In other instances, the appellate attorney might take an even more expansive global view of the lawsuit because it impacts related litigation throughout the state, across several states, or nationwide — tapping into the juridical-historical currents that shape industries and the law. The appellate attorney can oversee a client’s initiative in influencing the common law on certain issues across a number of jurisdictions. Appellate attorneys are especially apt at doing so because a large part of their skill set is identifying trends and changes in the common law and finding commonalities or differences to provide support for their clients’ position.

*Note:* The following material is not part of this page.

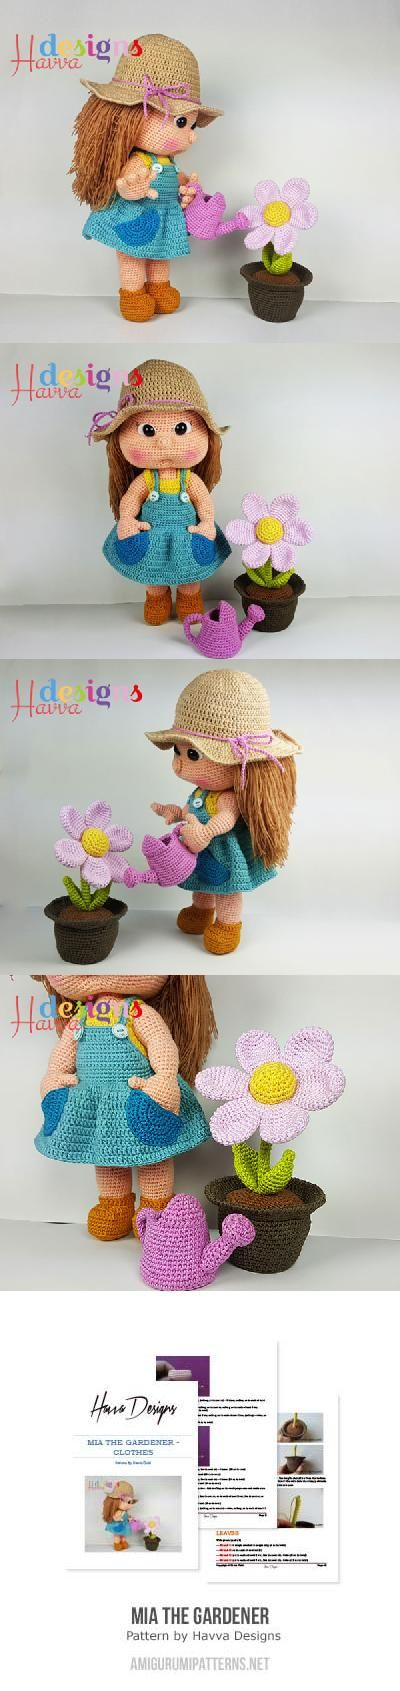 Mia The Gardener Amigurumi Pattern Crochet Knitting Weaving

Monitoring statewide and nationwide trends while keeping our clients’ objectives in sharp focus, our appellate attorneys can make sure that arguments across all jurisdictions are uniform and effectively framing issues to support the client’s broader initiatives.

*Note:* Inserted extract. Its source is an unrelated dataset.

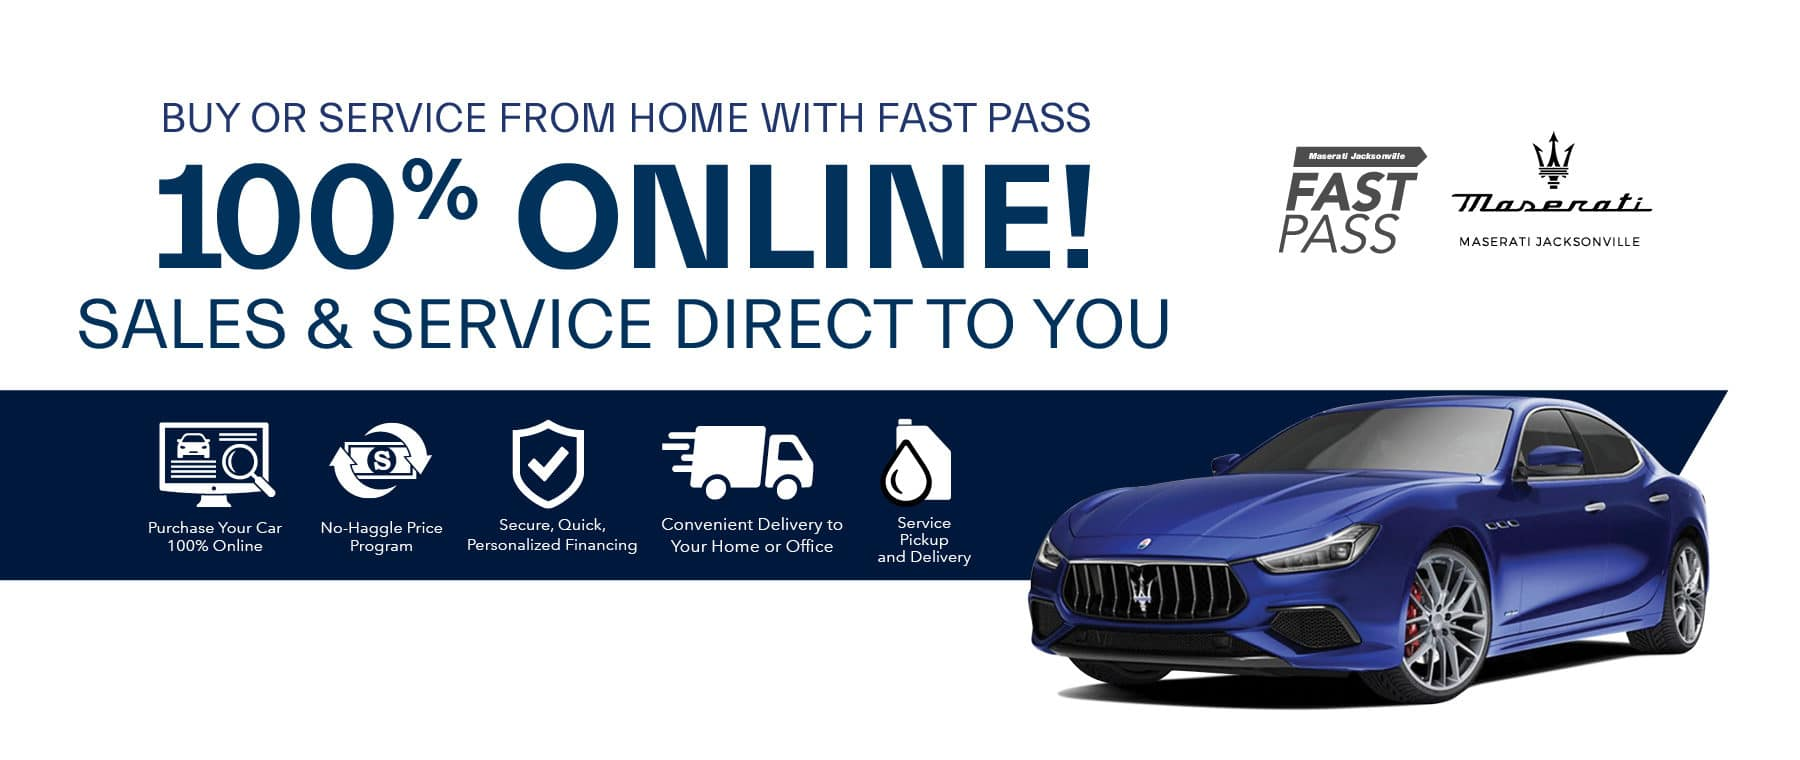 Fast Pass 100% Online Shopping

Trial lawyers and appellate lawyers see the same case from different perspectives. Where the trial lawyer is focused on investigating, collecting evidence, and shaping a compelling narrative for a judge and jury, an appellate lawyer asks how legal issues in the case can be preserved and raised later in an appellate court. The presence of an appellate attorney at trial alone can help, in ways subtle but profound. As part of a trial team, an appellate attorney gently reminds a judge that the defense is prepared to go the distance, preserving every possible issue for appeal.
But an appellate attorney is never present at trial just for “show.” Our clients often ask our appellate attorneys to monitor trials and present a more dispassionate view of the proceedings: How are the jurors reacting to the evidence? What kinds of rulings has the trial judge made? How is the court receiving the evidence? What is the overall impression? Reporting on these issues not only provides clients with a different perspective, but also allows the trial lawyer to concentrate on one thing: trying the case.
If it’s more than just monitoring a client wants, our appellate attorneys can leverage their distinct skill sets and work seamlessly with trial teams, both before and during trial. Preparing motions in limine, trial memoranda, and other written submissions are just some of the ways appellate attorneys can utilize their skills while easing a trial lawyer’s burden. We also frequently serve primary and excess carriers and other clients to monitor full liability and damages trials, helping to craft arguments and consulting on objections to preserve the record — while striving to work fluently and constructively with experienced trial counsel, never stepping on toes and sharing the common objective of protecting the clients’ rights.
At the same time, our attorneys watch cases nationwide and inform clients and trial attorneys of important developments — during trials to make sure our arguments are based on the latest case law, but also in times of relative calm, seven days a week and 365 days a year, to keep our clients cognizant of trends that could affect their business.